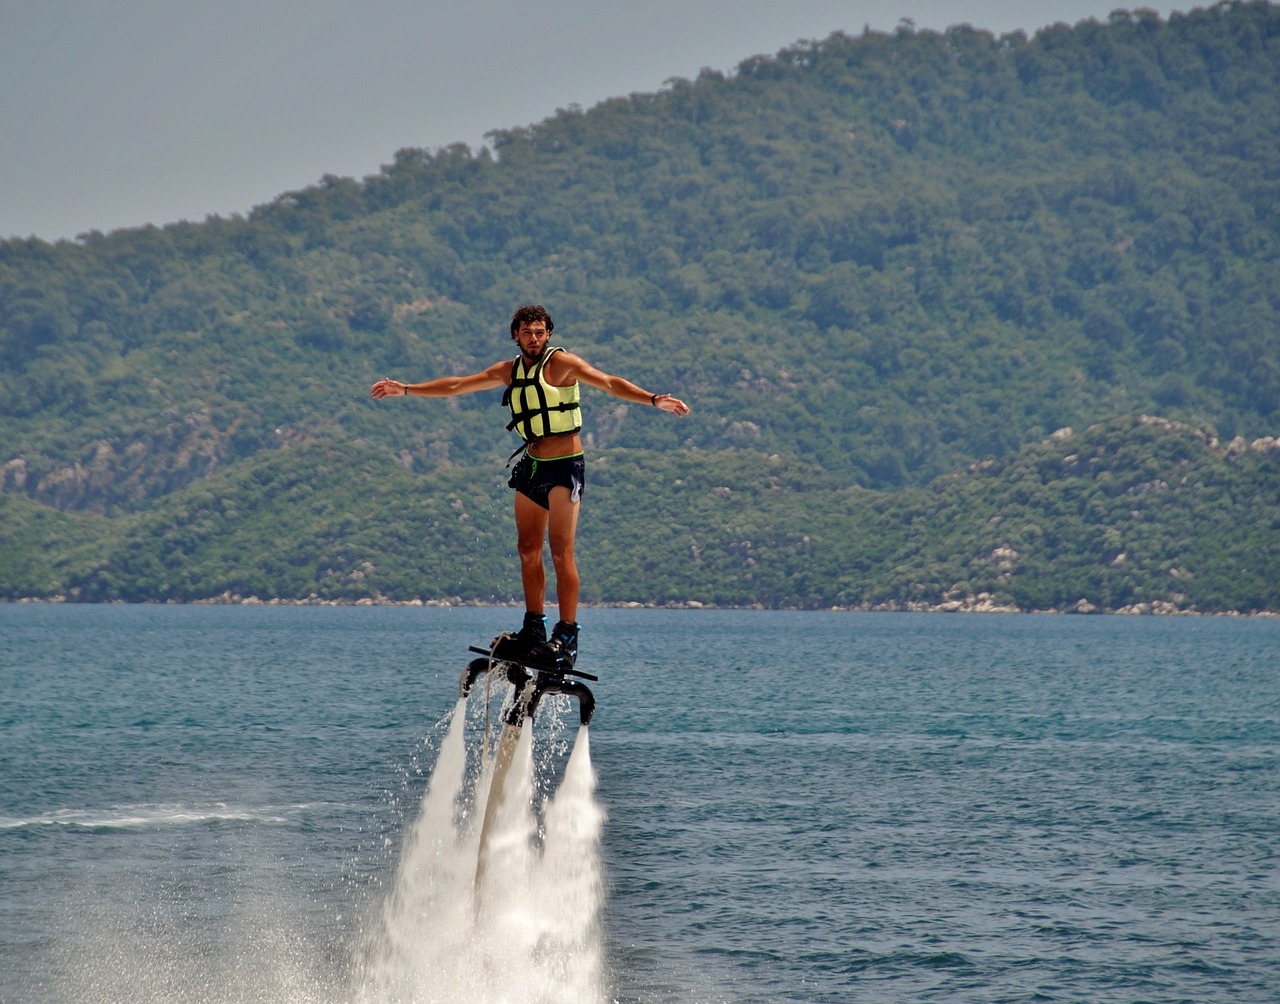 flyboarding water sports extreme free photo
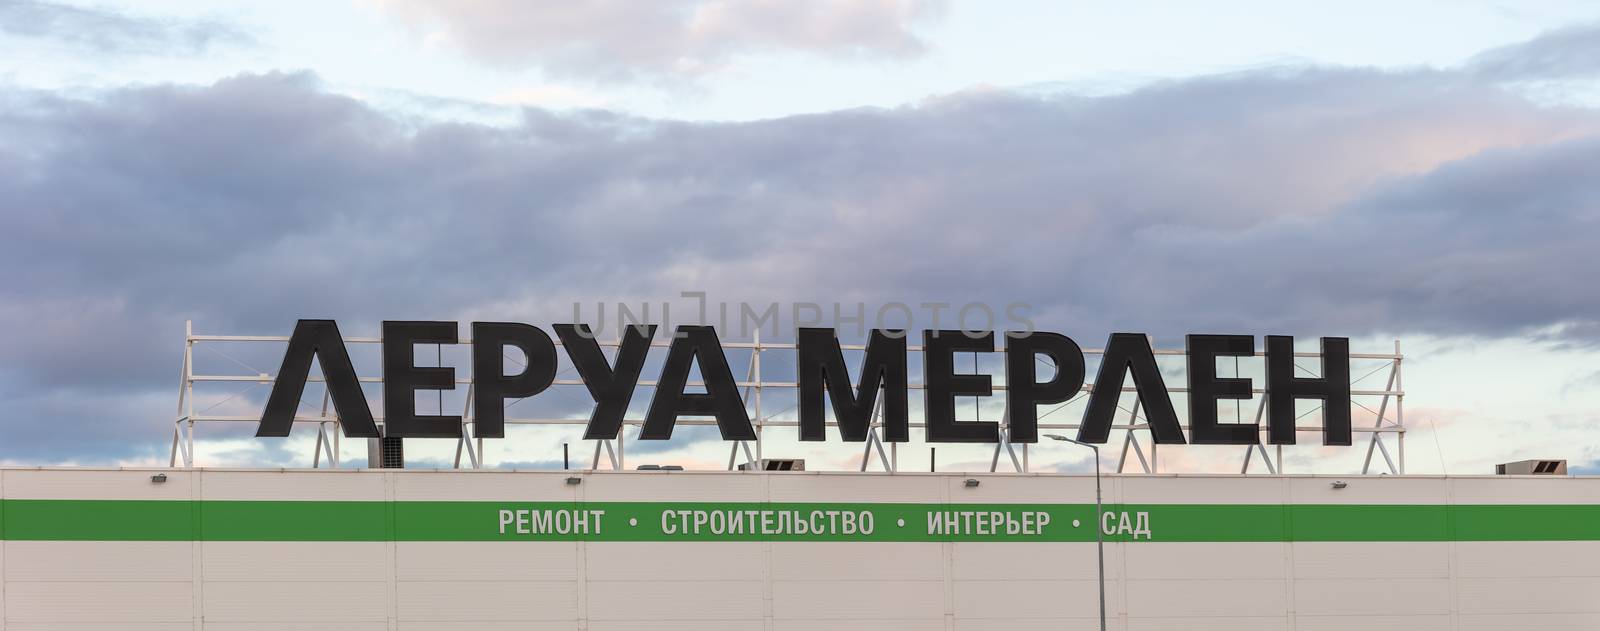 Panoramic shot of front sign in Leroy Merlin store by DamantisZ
● ● ●
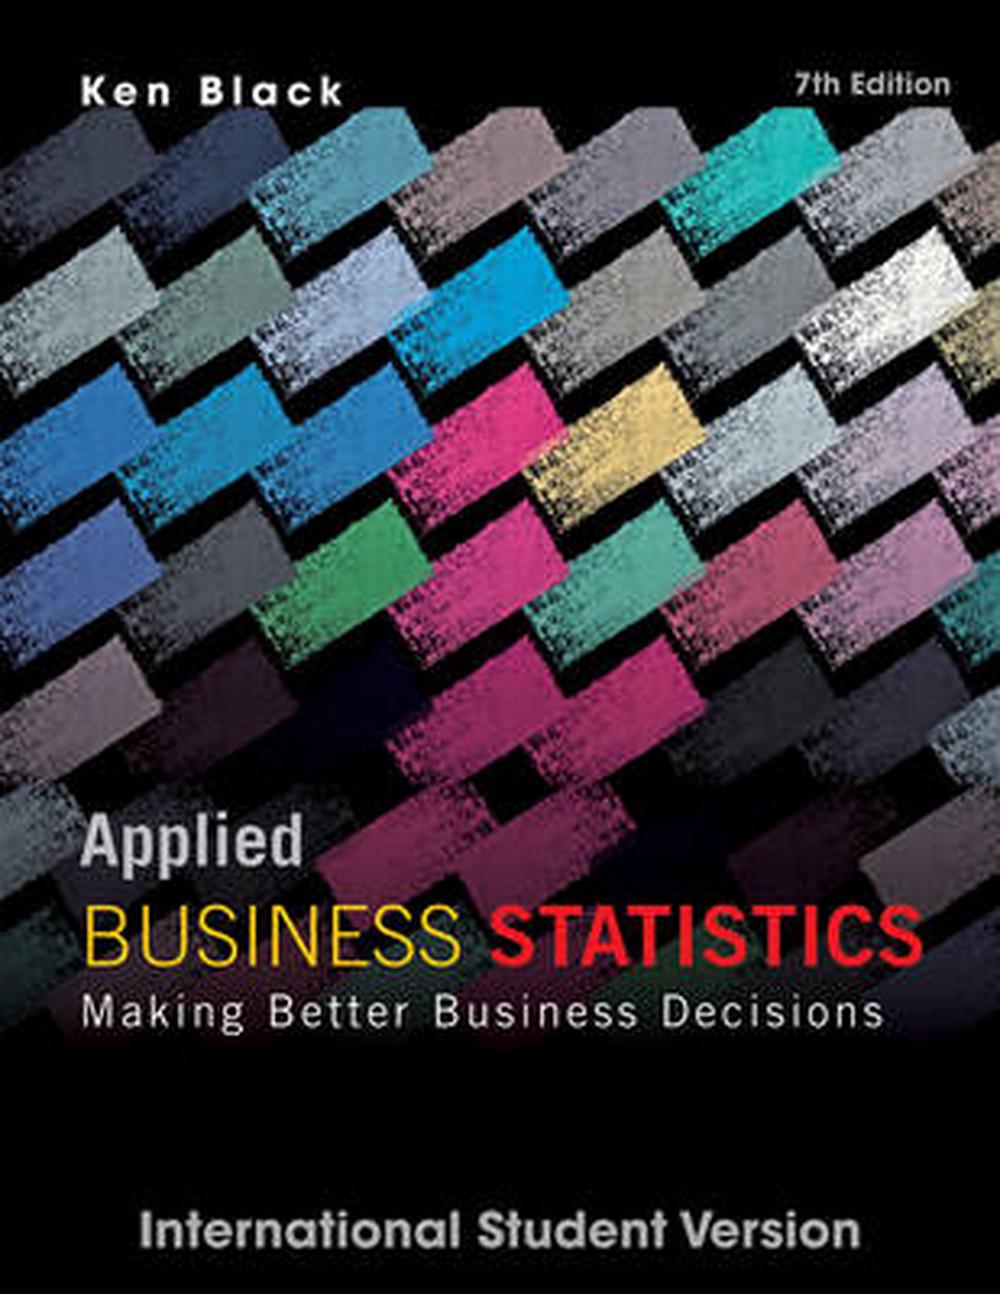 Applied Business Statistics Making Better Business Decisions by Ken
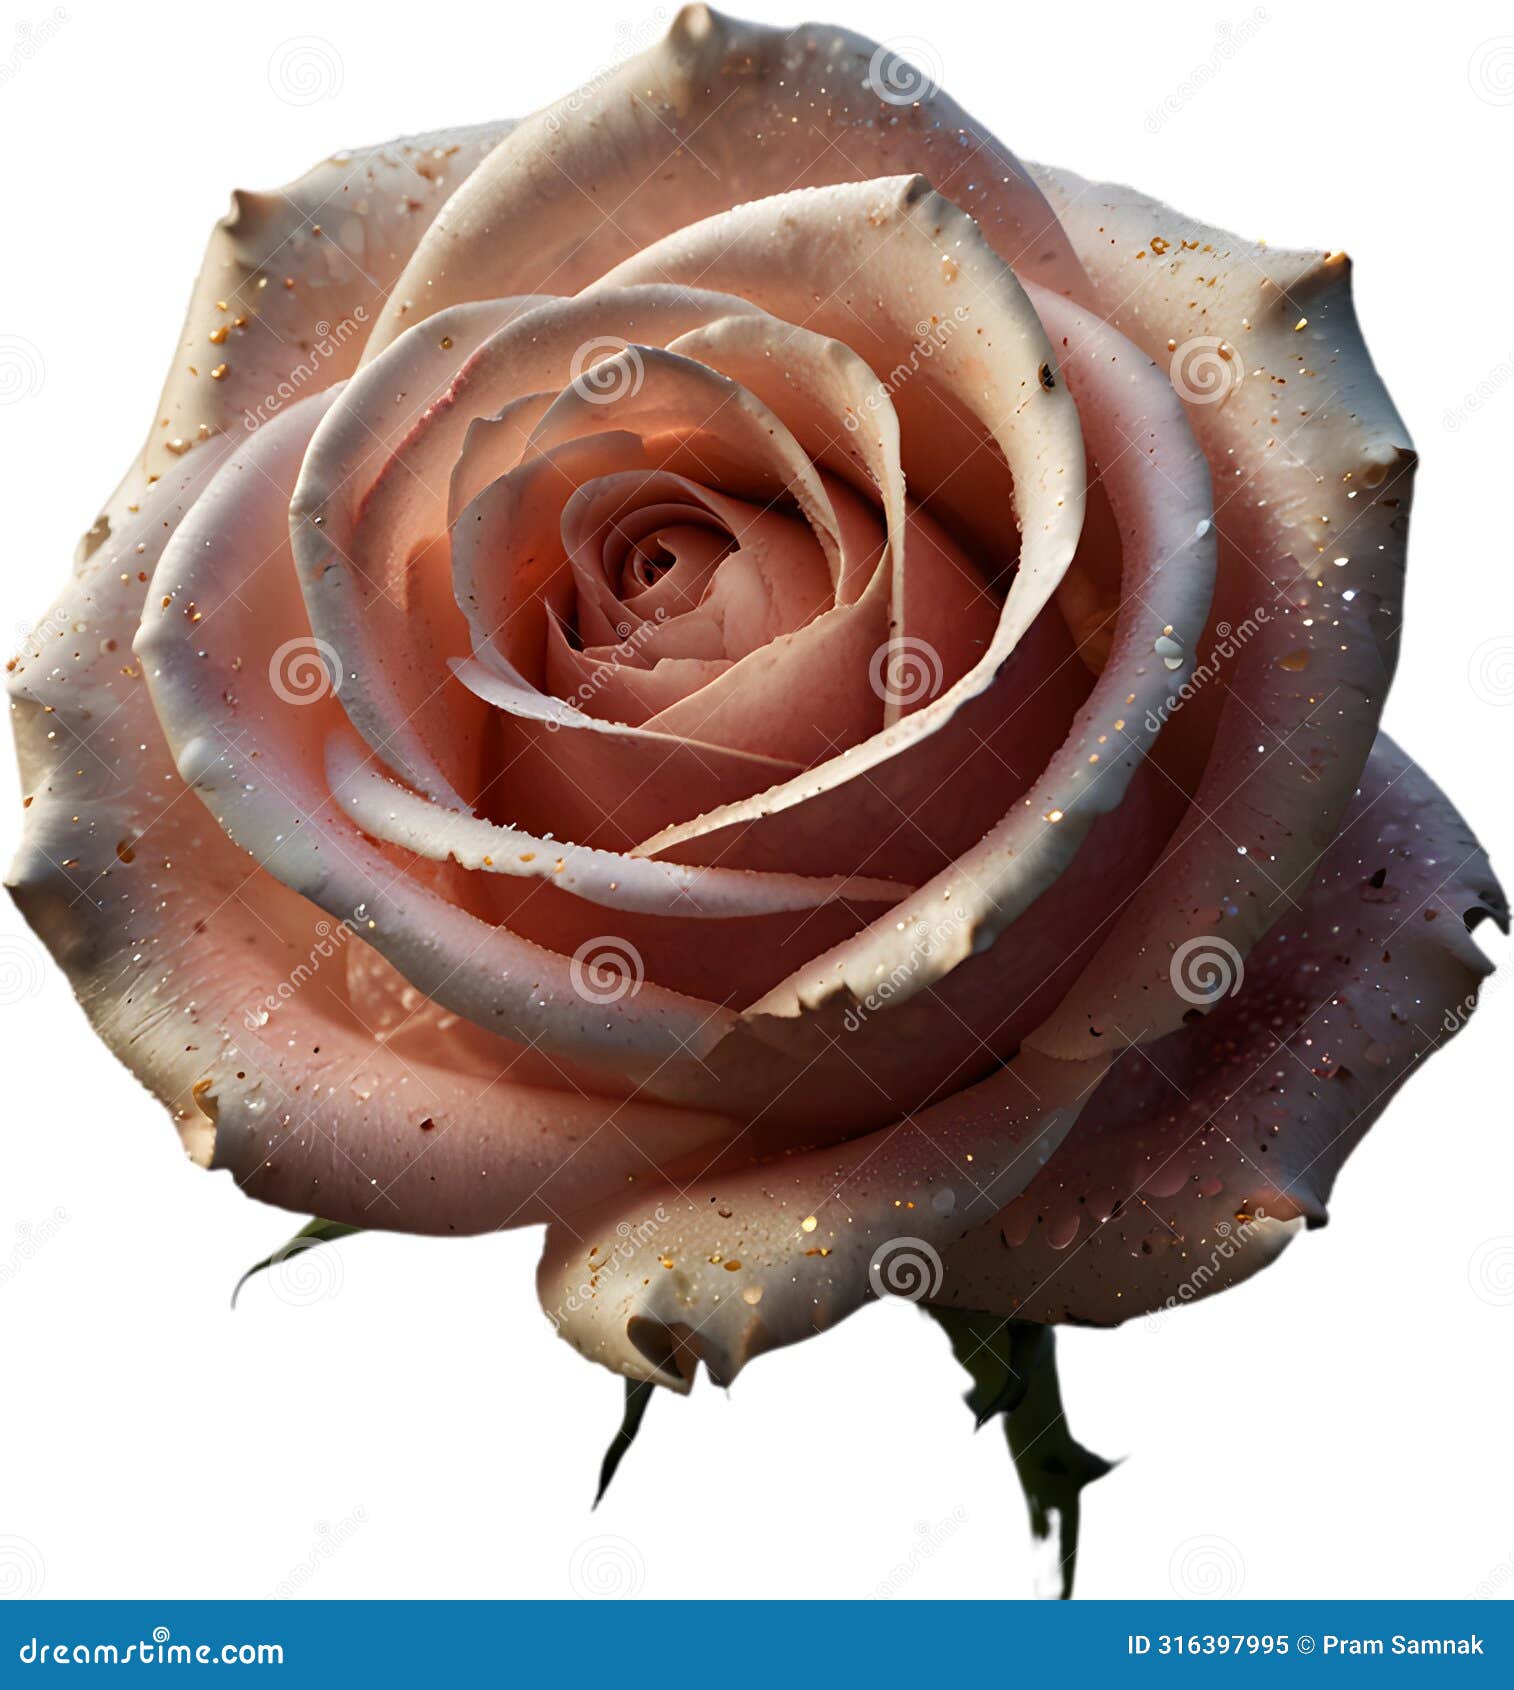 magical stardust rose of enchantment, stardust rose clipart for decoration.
● ● ●
▶ [What to work on]
Beginning with the line above that contains "flyboarding water sports extreme free photo" and ending with the line that contains "Panoramic shot of", quote each line exactly, keeping out the pictures.

▶ [Exercise output]
 flyboarding water sports extreme free photo
 Panoramic shot of front sign in Leroy Merlin store by DamantisZ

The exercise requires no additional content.